## Record set:
[Start of section]

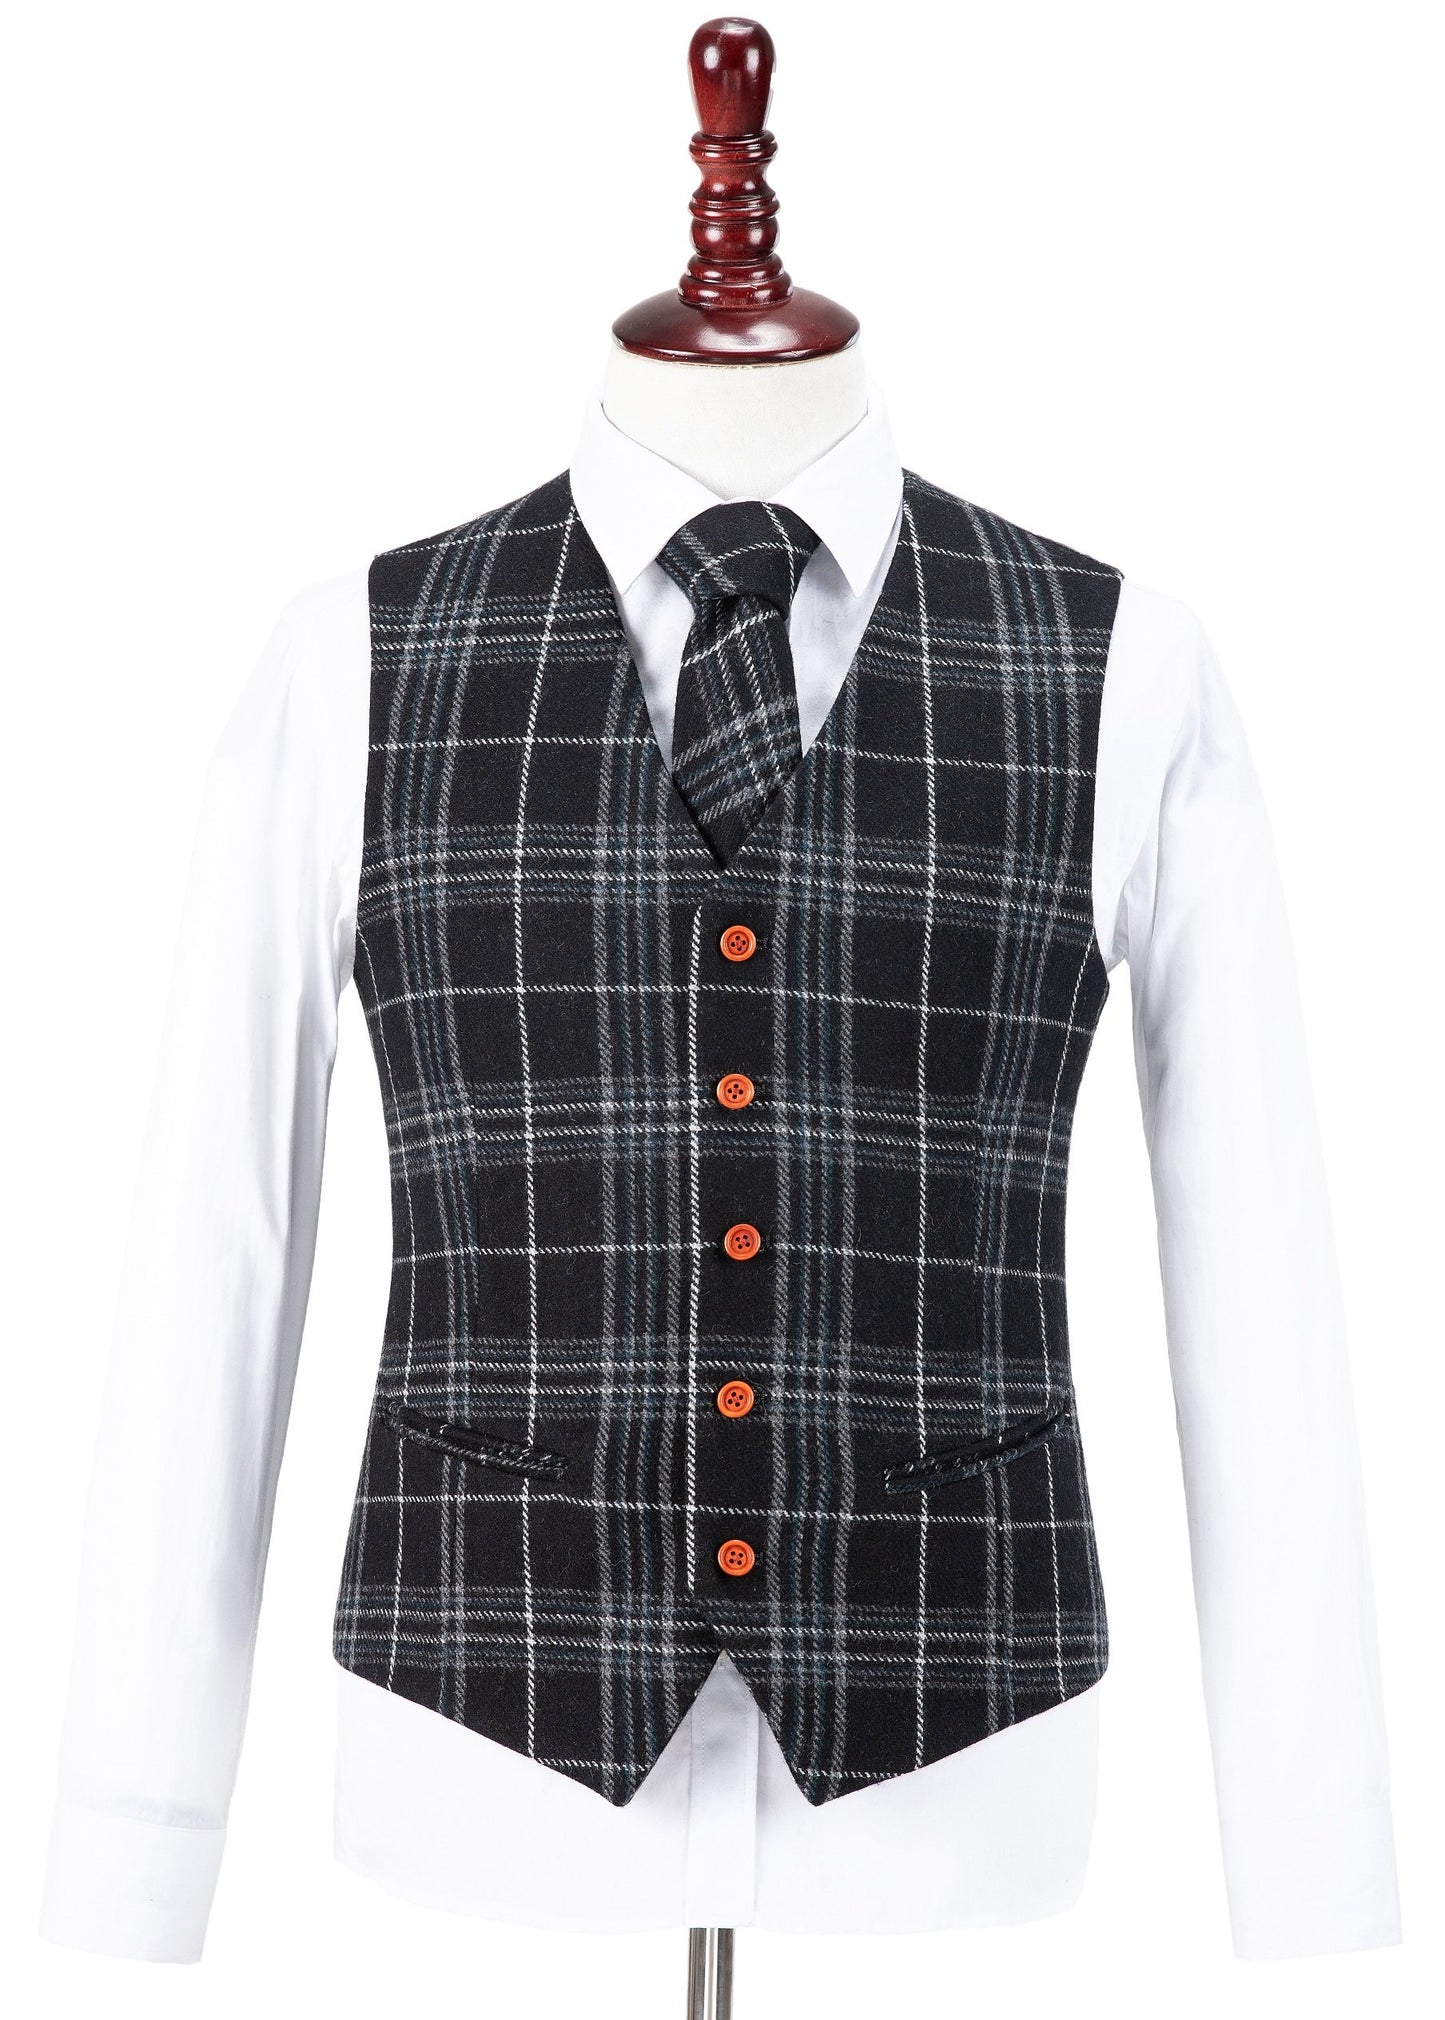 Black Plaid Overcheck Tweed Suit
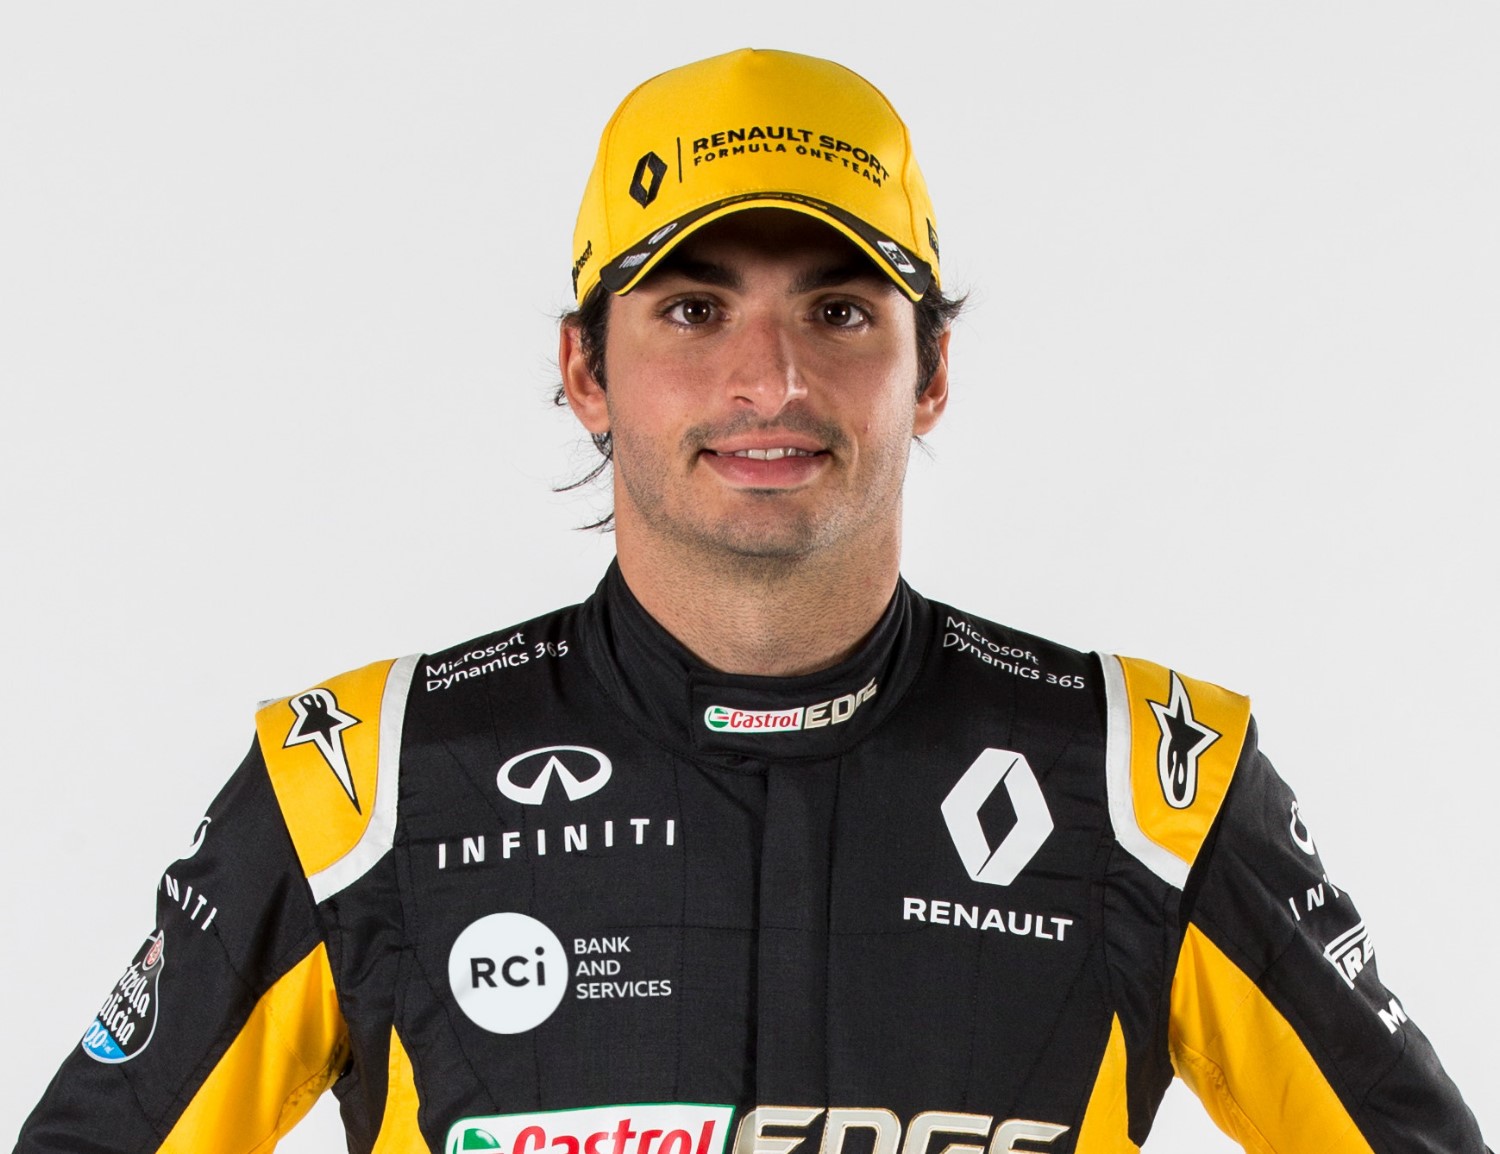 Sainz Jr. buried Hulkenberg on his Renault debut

[End of section]
[Start of section]

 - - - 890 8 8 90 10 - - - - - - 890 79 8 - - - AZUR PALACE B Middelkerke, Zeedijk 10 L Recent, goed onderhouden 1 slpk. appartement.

[End of section]

## Exercise:
Given the listing above, retype only the span of lines from the line with "Black Plaid Overcheck Tweed Suit" up to and including the line with "Sainz Jr. buried", exactly as it stands and without pictures.

## Expected answer:
 Black Plaid Overcheck Tweed Suit
 Sainz Jr. buried Hulkenberg on his Renault debut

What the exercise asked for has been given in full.